Claro que existe la edición independiente, vaya esta afirmación por delante como respuesta, por una parte, a los últimos debates y porfías entre editores y empresarios culturales en torno a la vigencia o no de esta concepción del trabajo editorial y, por otra parte, como divisa de este número que Archipiélago dedica a la labor de los editores que entienden su labor como un compromiso cultural e intelectual a largo plazo asumiendo en su trabajo volcado hacia el futuro la creación y formación de sus potenciales lectores y los riesgos inherentes a las inversiones de una empresa cultural incierta, frágil y, a menudo, tentada por valores conservadores y comerciales.

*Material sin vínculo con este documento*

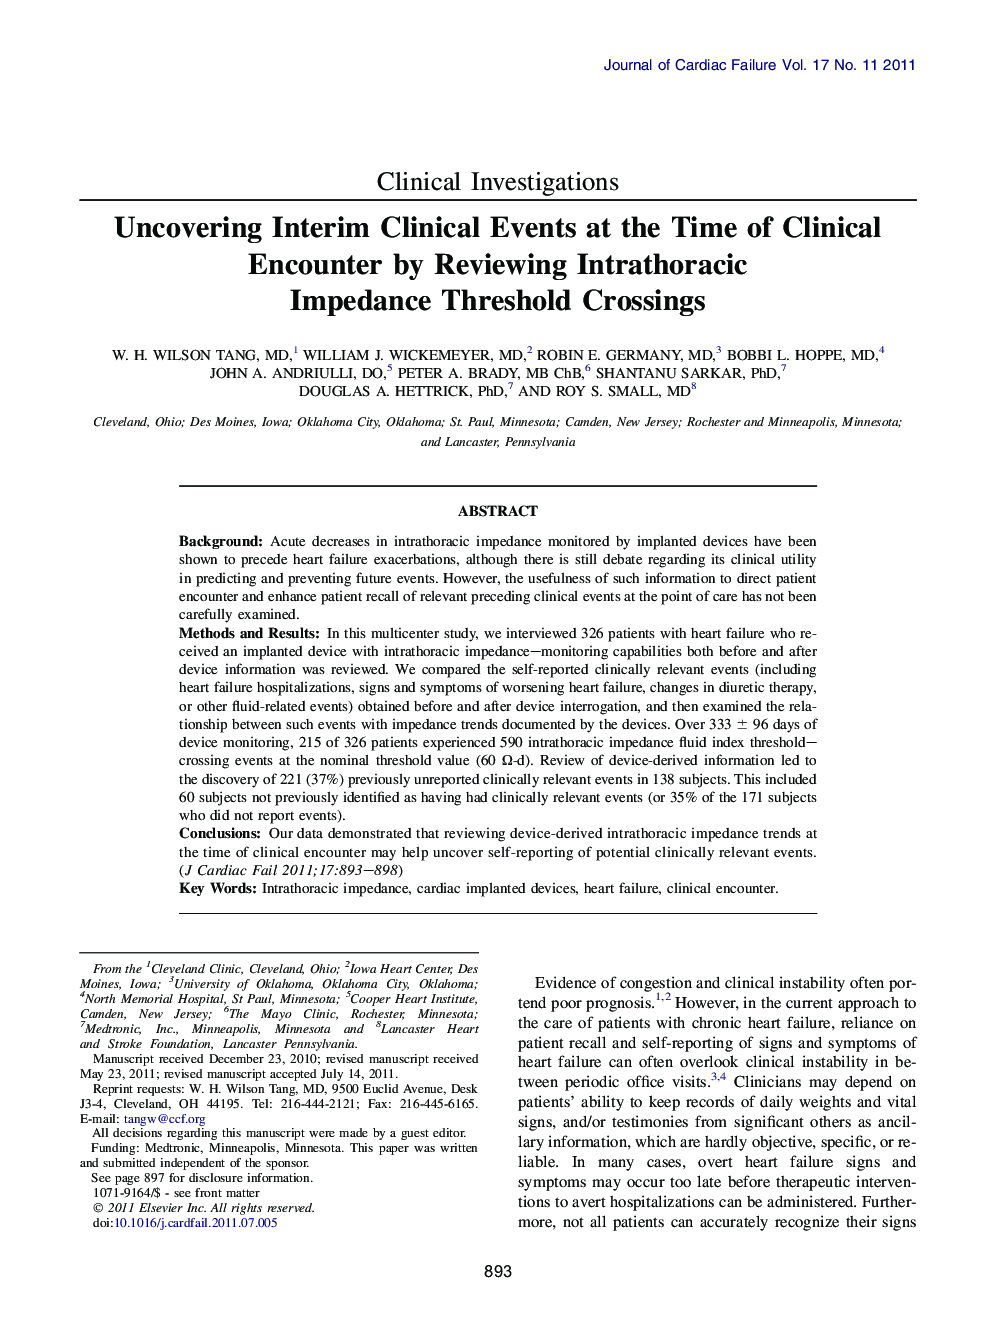 Uncovering Interim Clinical Events at the Time of Clinical Encounter by Reviewing Intrathoracic Impedance Threshold Crossings

No quiere decir esto, porque se trataría de una simple ingenuidad o de una hipérbole interesada, que la edición independiente sea intrínsecamente una edición de calidad, pero negar su existencia o intentar igualarla a otras modalidades de la edición sería tanto como decir que existe una sola lengua con un único término indiferenciado, y estaremos todos de acuerdo en que desde los orígenes de la lingüística algo quedó, por lo menos, inequívocamente claro: que los términos de un sistema son solidarios pero su valor distintivo proviene y resulta de la presencia simultánea de los otros. Lo mismo ocurre en el campo editorial, cada vez de manera más clara y evidente si cabe: existe la edición de vanguardia, la que defiende, busca y promociona a la vanguardia artística, la que acoge los valores del experimentalismo y las nuevas tendencias, la que explora nuevas vetas –lenguas, geografías, etc. haciendo en buena medida de la necesidad virtud porque existe la edición comercial basada en la publicación de títulos, autores y temas populares, asequibles, consabidos; existen las editoriales que asumen y aceptan que las empresas culturales son empresas de producción de ciclo largo, empresas arriesgadas y expuestas a la incertidumbre porque existen empresas editoriales que conciben la edición como un negocio de ciclo corto, a un plazo extremadamente breve, en el que las inversiones realizadas deben proporcionar rápidos y crecientes rendimientos; existe por tanto la edición volcada hacia el futuro y la producción de libros basada en la inmediatez, el long-seller y el best-seller que a muchos gusta llamar libro de impacto seguramente porque es agresivo como un arma arrojadiza; existe la edición de obras, como recomendaba Einaudi, que tienen que hacerse su propio público, que salen a la calle con la única fuerza de sus palabras y sus ideas y se abren paso entre la algarabía de las novedades con la voluntad de permanecer porque existe el libro fugaz concebido para satisfacer el efímero interés de un lector que olvidará su contenido con la misma celeridad que desaparecerá el libro de las mesas de novedades.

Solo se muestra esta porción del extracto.